Overview - What is RNA-seq?

The transcriptome is a collection of all RNA present in a cell or a population of cells at any given moment. The transcriptome is dynamic, as the levels of RNA transcripts vary during different developmental stages or in response to certain conditions.

Transcriptome sequencing or RNA-seq is a next-generation sequencing based approach to profiling and analysing RNA. This technique delivers unbiased information without the need for prior knowledge of the genome or transcriptome. Transcriptome sequencing is often the method of choice for analysis of differentially expressed genes, as well as for RNA editing and profiling of allele-specific gene expression. RNA-seq can also be used to investigate splicing patterns, splicing variants, gene isoforms, single nucleotide polymorphisms and post transcriptional modifications.

Applications - What are the advantages of RNA-Seq?

Sequencing of RNA transcripts is a beneficial method for RNA profiling because it allows for:

  • Digital gene expression (DGE) analysis – sensitive quantification of gene expression levels and transcriptional activity
  • Identification of both known and novel transcripts
  • Analysis across a wide dynamic range – detection of more differentially expressed genes with higher fold change
  • Profile the RNA transcripts of nearly any organism without the need for a reference sequence
  • Complete view of the entire transcriptome

Workflow - Methods & technologies for RNA-seq

Transcriptome sequencing begins with isolating RNA and converting this RNA into so-called complementary DNA (cDNA). Total RNA or RNA types like mRNA or small RNA can be investigated. Strand-specific or random-primed libraries can be created based on how the cDNA is synthesised. Once adapters are ligated to the cDNA fragments, the cDNA undergoes single-read or paired-end sequencing. The sequencing reads are either assembled de novo or they are aligned to a reference genome or transcriptome. The reads can be quantified to evaluate differential gene expression levels or analysed further to provide data on transcript variants and posttranscriptional modifications.

Microarray vs. RNA-seq

RNA-seq is an evolving technology, whereas microarrays are the traditional method for differential gene expression analysis. RNA-seq offers distinct advantages over hybridisation-based methods. Next-generation sequencing of transcriptomes does not rely on pre-designed primers and probes, which eliminates content bias and provides a truly genome-wide view of the transcriptome. RNA-seq provides the possibility of exploring coding and non-coding RNA with more sensitivity, higher dynamic range and with single-base resolution. NGS-based sequencing of cDNA can reveal complex regions like exon-exon junctions or sequence variations that cannot be profiled by hybridisation methods. Multiplexing capabilities and the ability to store and re-analyse data without repeated experiments render NGS of transcriptomes more cost-effective than microarrays.

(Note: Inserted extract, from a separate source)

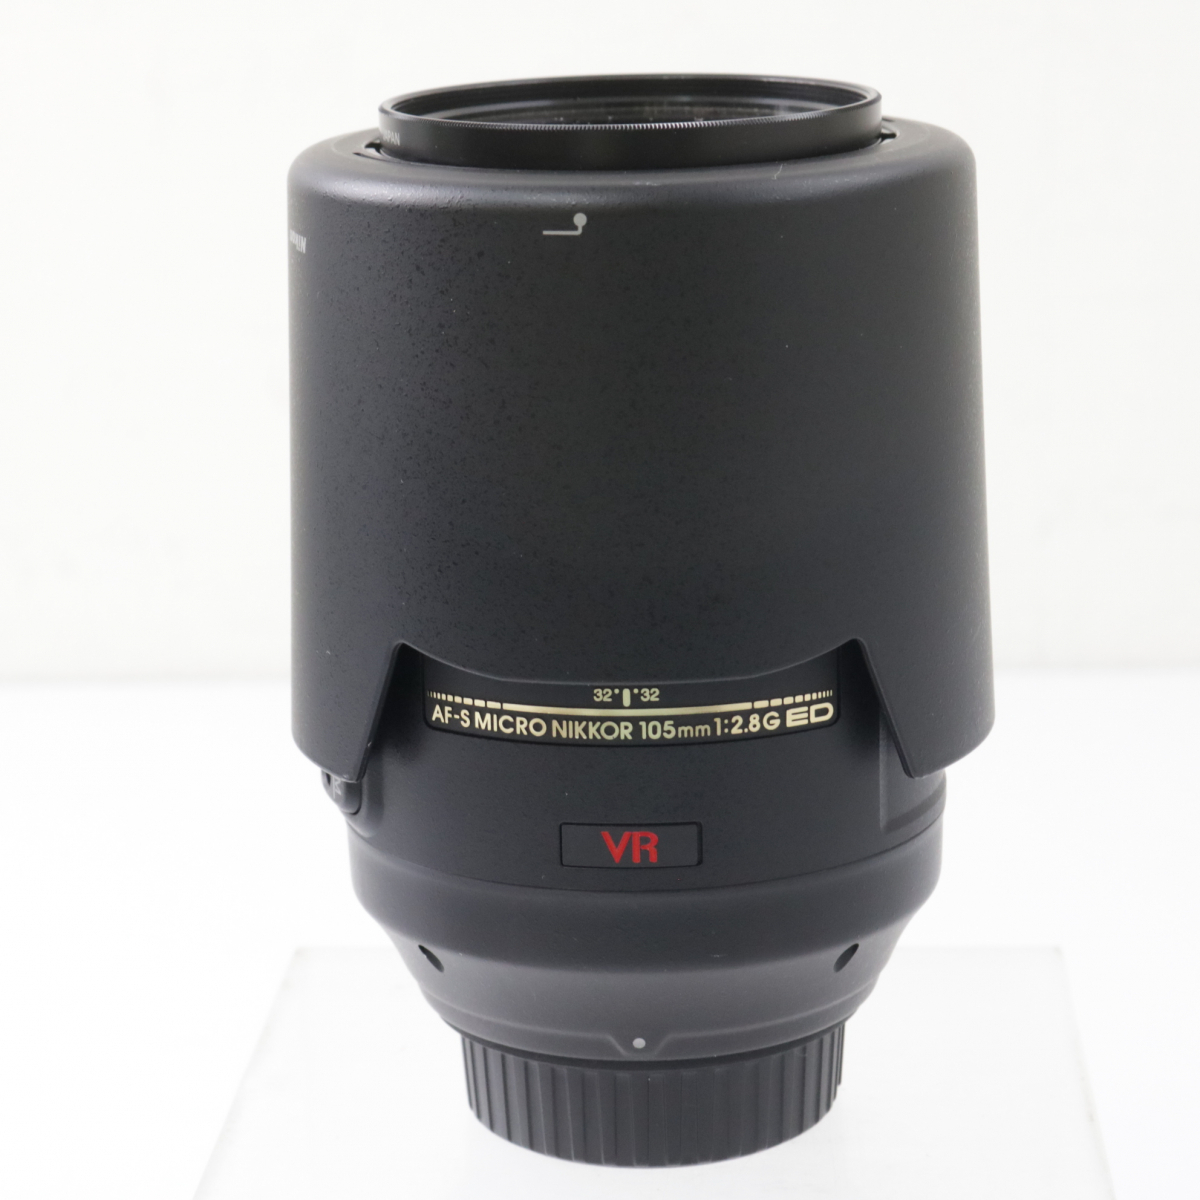 【説明書あり】Nikon AF-S VR Micro NIKKOR 105mm 1:2.8G ED ブラックカラー 黒色 ニコン 趣味 初心者 練習 040FEDFR97_画像3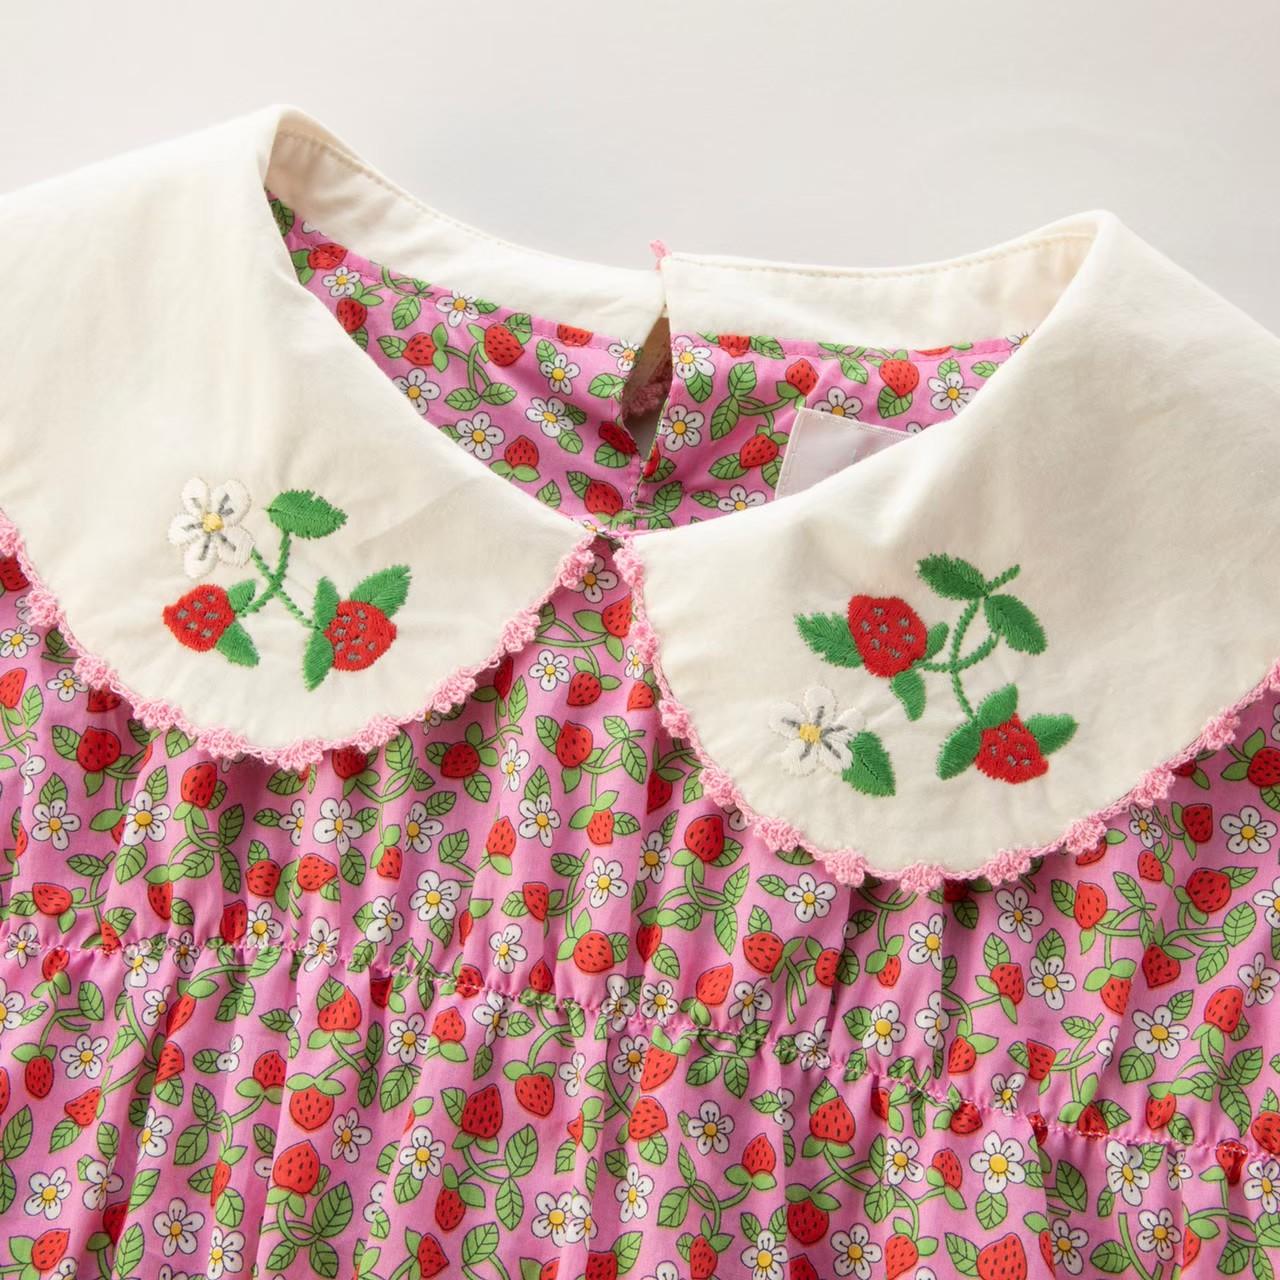 Jane Marple◇Strawberries and cream | BABY PINK MOON

Scientific expertise: RNA-seq

Eurofins Genomics is an experienced provider of RNA-seq services. With several specialised sequencing products to serve the transcriptomics field, Eurofins Genomics helps answer questions regarding gene function on a daily basis. Eurofins Genomics uses Illumina’s sequencing technologies, for flexible sequencing coverage. The RNA-seq services can help further various research objectives, from screening to discovery projects, as well as de novo transcriptome analysis.

Transcriptome analysis at Eurofins Genomics has helped elucidate cardiac remodelling mechanisms, post-transcriptional gene silencing, features of CD4+ T cells in coeliac disease, characteristics of photosynthetic genes in maize, the molecular diversity of snake venom, strategies for obtaining human-induced pluripotent stem-cell-derived neurons and many others.

Products related to cDNA sequencing

Are you planning a project that needs transcript sequencing? Eurofins Genomics offers whole-transcriptome sequencing, mRNA sequencing and small RNA sequencing services to provide in-depth analysis of differential gene activity, alternative splicing and expression of gene isoforms. Our services combine RNA isolation, rRNA depletion, library preparation, sequencing on state-of-the-art Illumina platforms, and expert transcriptomic data analysis.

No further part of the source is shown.